> Directions:
Extract, exactly as written, the line that contains "Dokumente der Sozialistischen" and all lines after it through the end of the records. Omit pictures.

> Data provided:
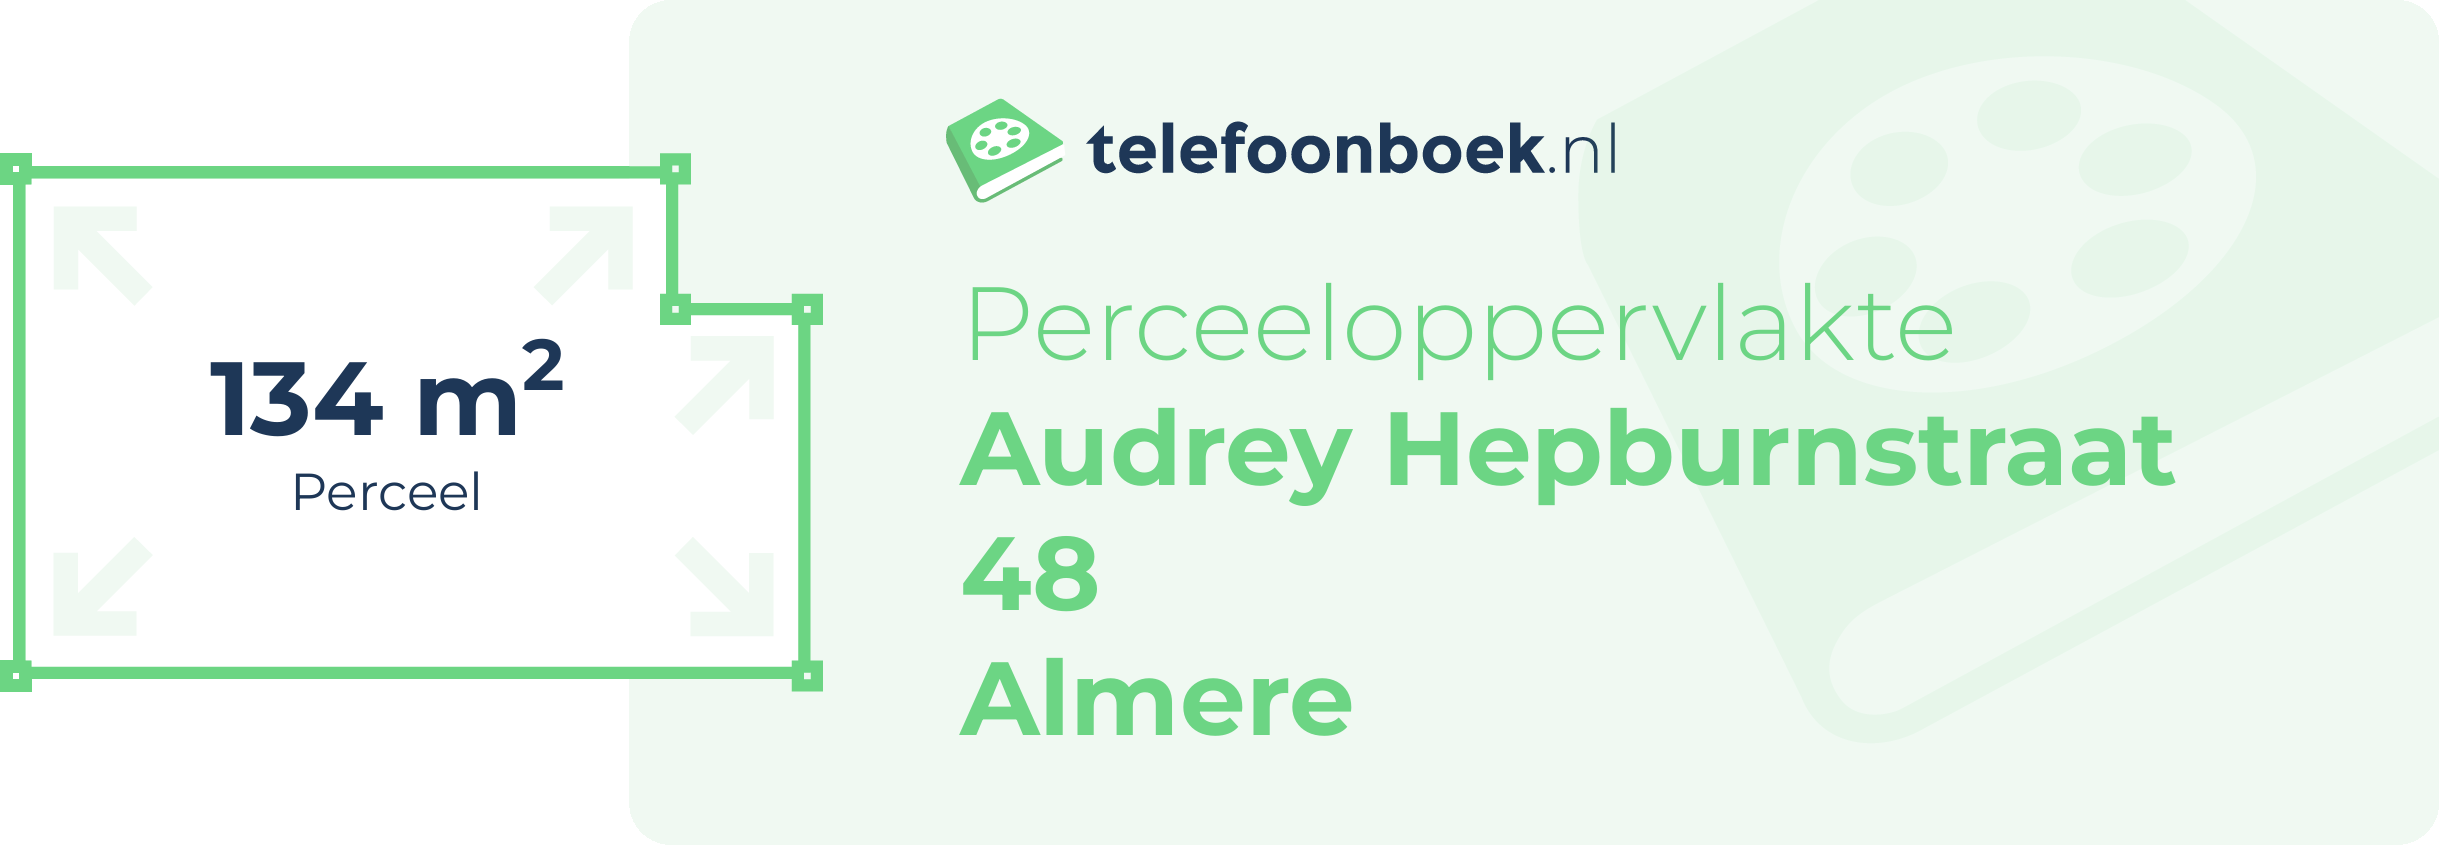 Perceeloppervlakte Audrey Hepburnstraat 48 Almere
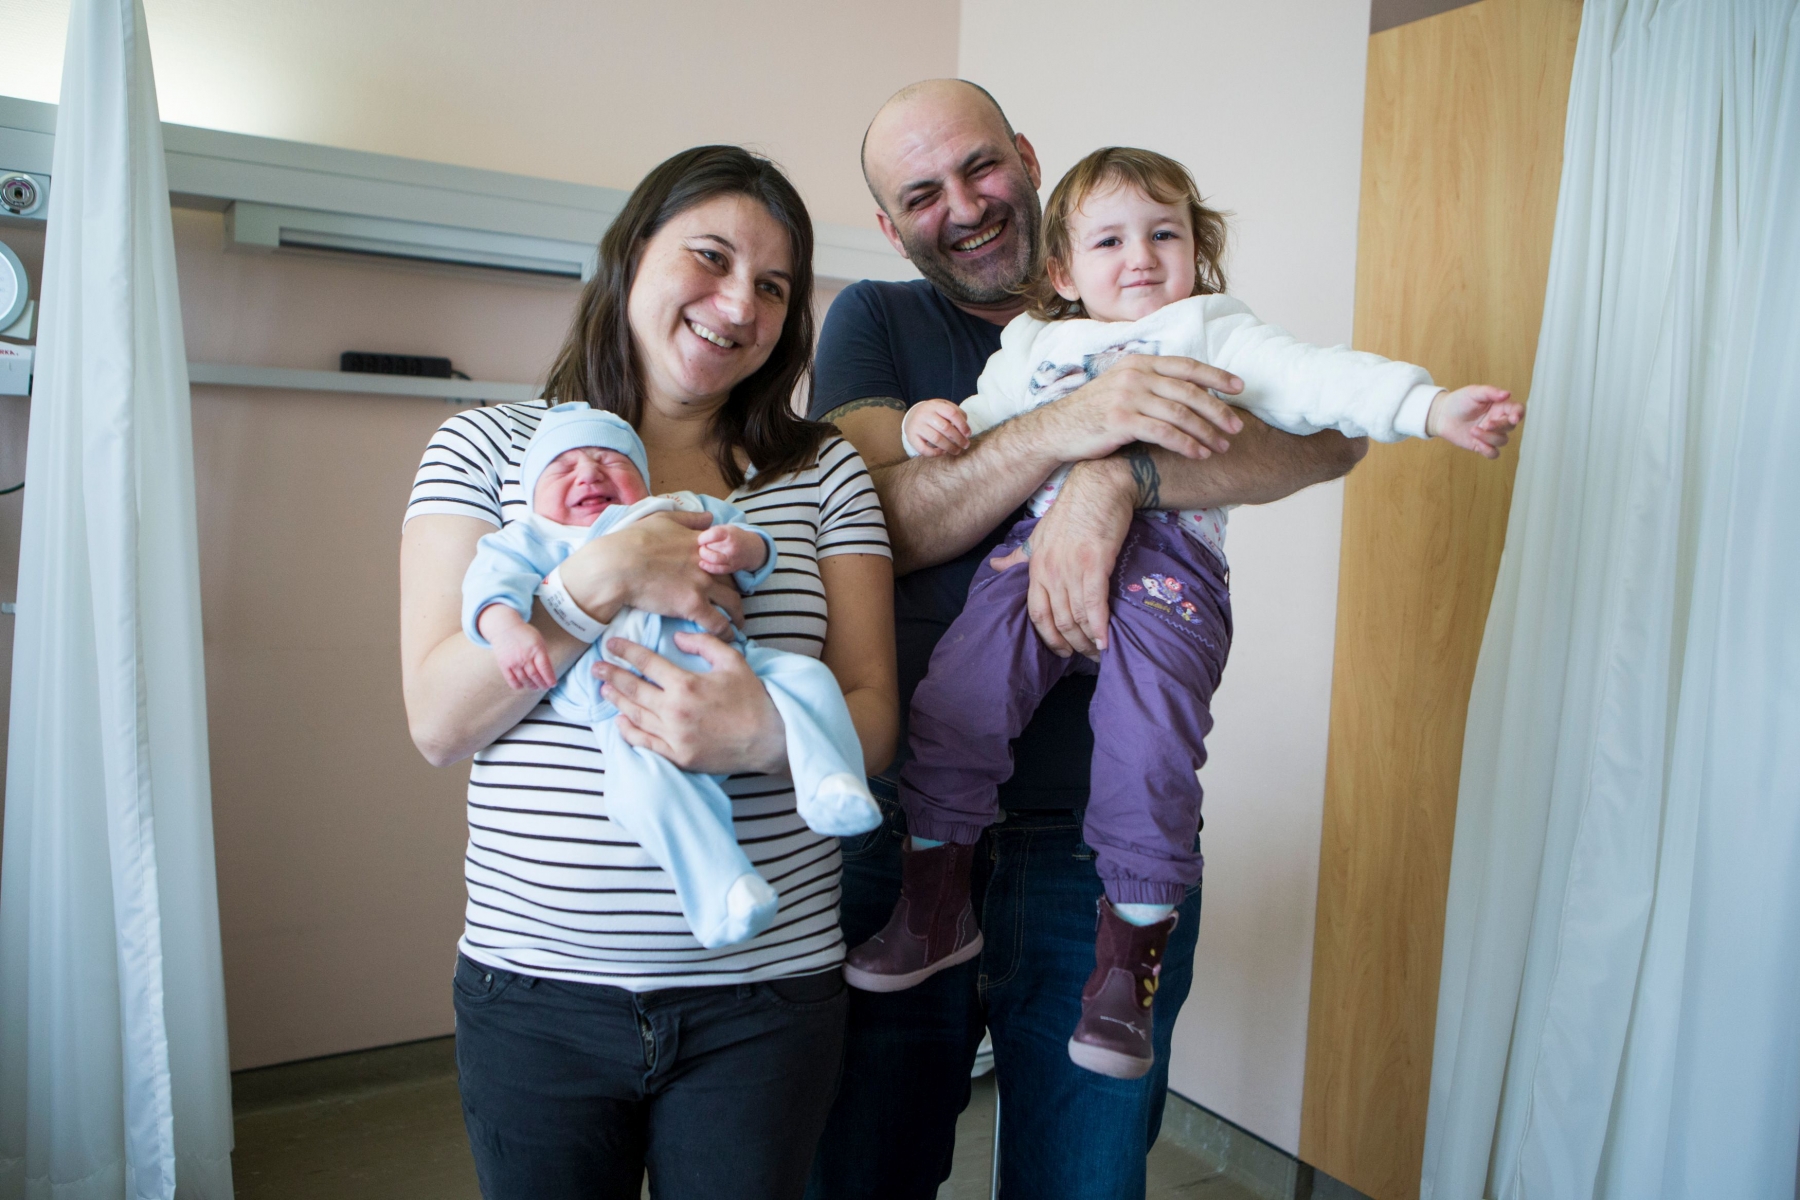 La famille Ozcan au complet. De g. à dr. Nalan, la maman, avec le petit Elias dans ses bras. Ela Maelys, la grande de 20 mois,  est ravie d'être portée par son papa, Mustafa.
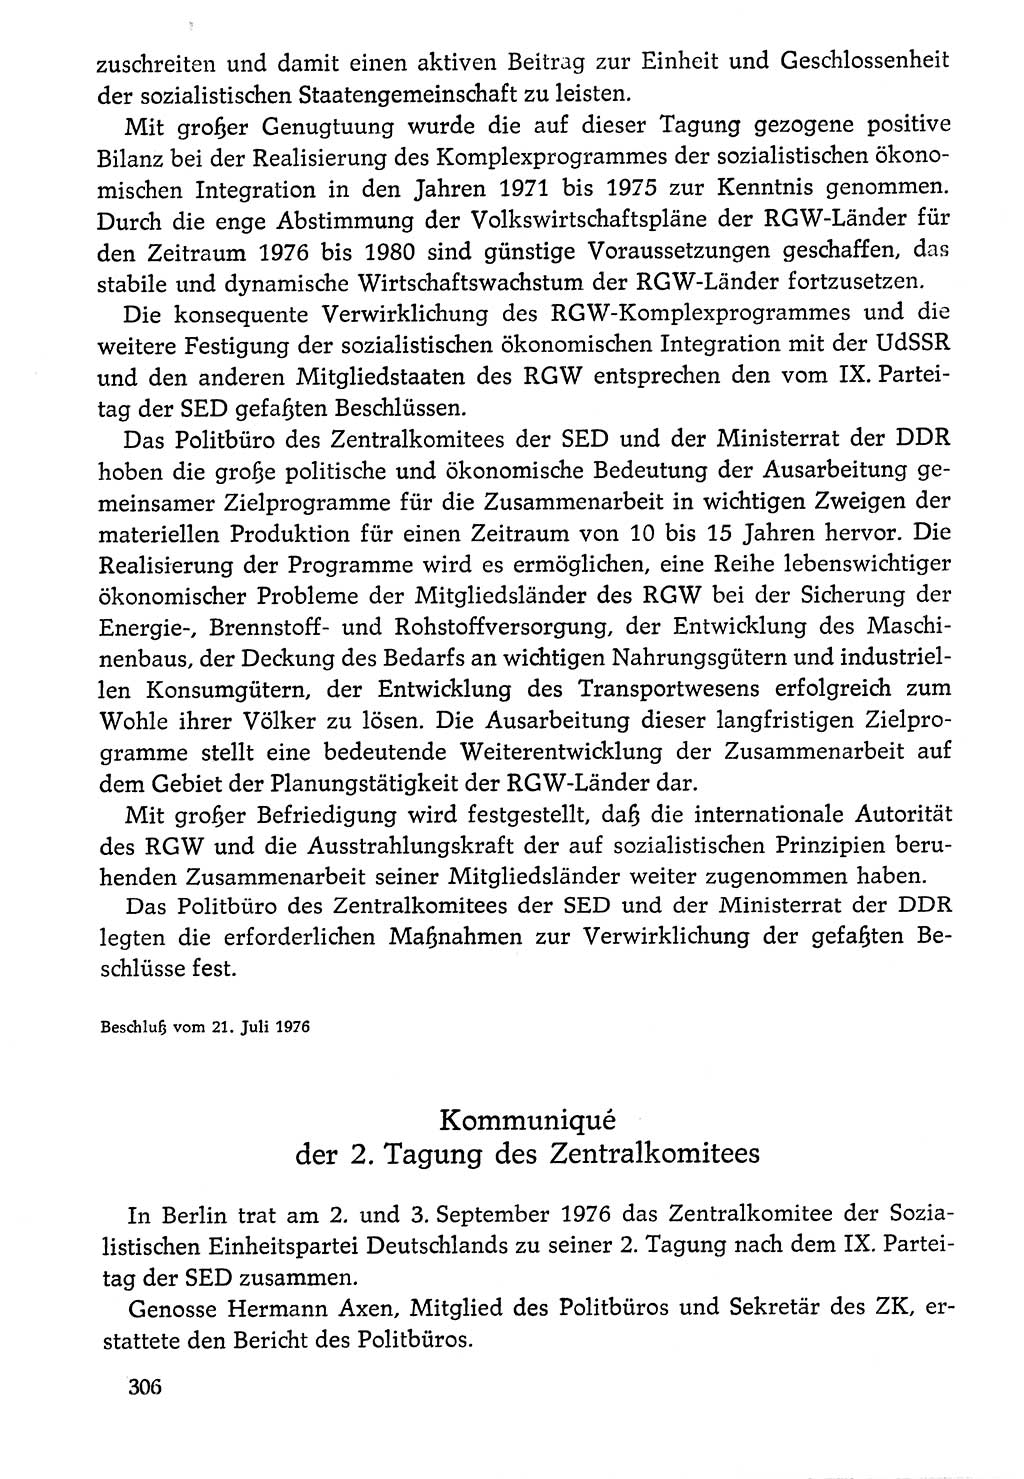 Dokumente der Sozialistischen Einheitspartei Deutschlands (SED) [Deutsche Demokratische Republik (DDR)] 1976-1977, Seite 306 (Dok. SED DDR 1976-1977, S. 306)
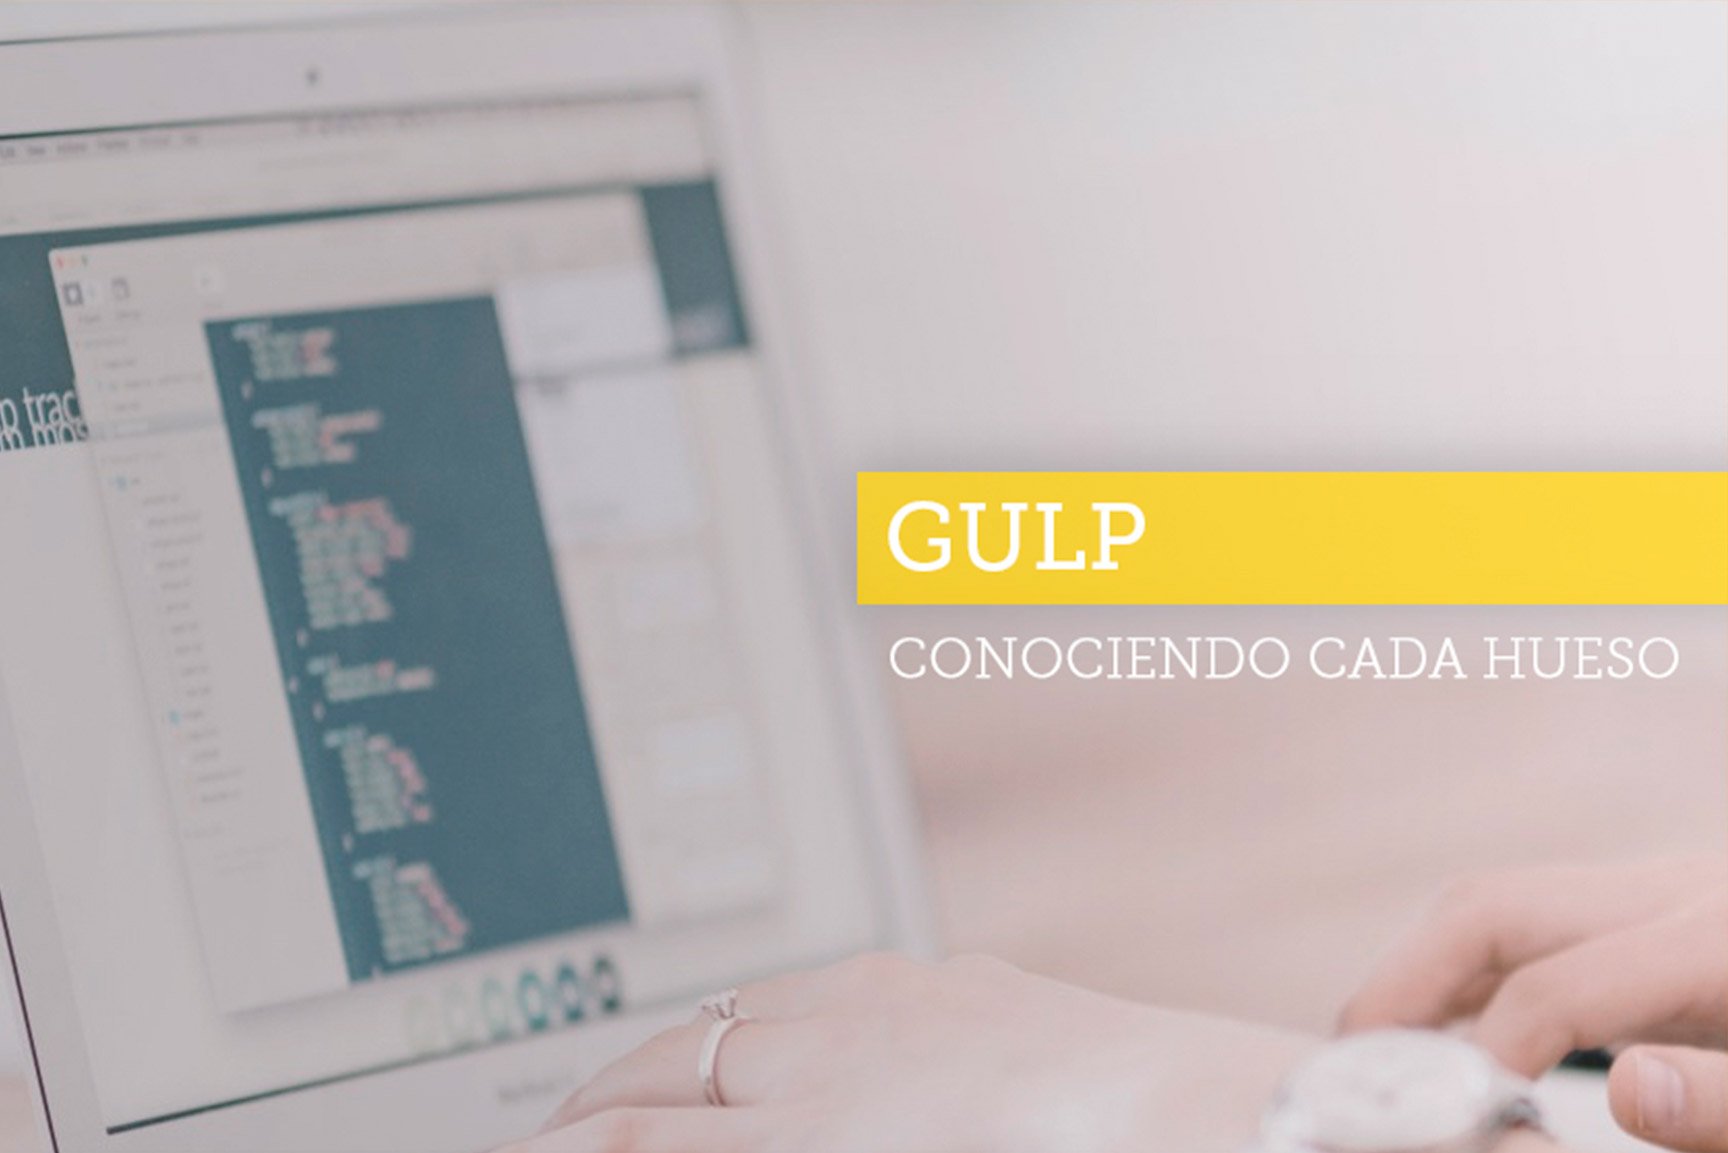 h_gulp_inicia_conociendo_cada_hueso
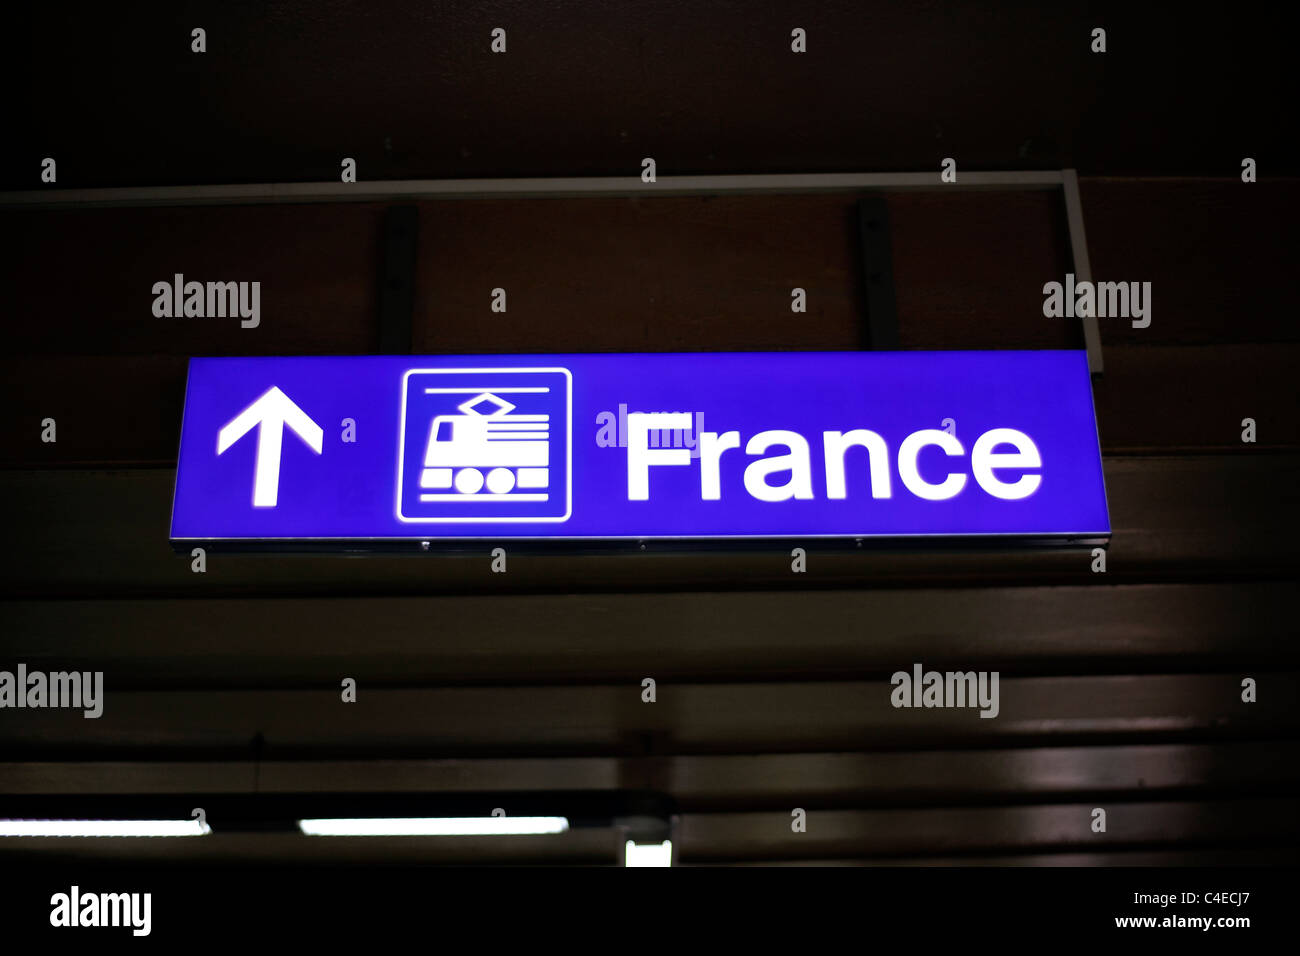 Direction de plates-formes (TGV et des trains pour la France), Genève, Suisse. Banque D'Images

> Response to the task:
 Dokumente der Sozialistischen Einheitspartei Deutschlands (SED) [Deutsche Demokratische Republik (DDR)] 1976-1977, Seite 306 (Dok. SED DDR 1976-1977, S. 306)
 h_gulp_inicia_conociendo_cada_hueso
 Direction de plates-formes (TGV et des trains pour la France), Genève, Suisse. Banque D'Images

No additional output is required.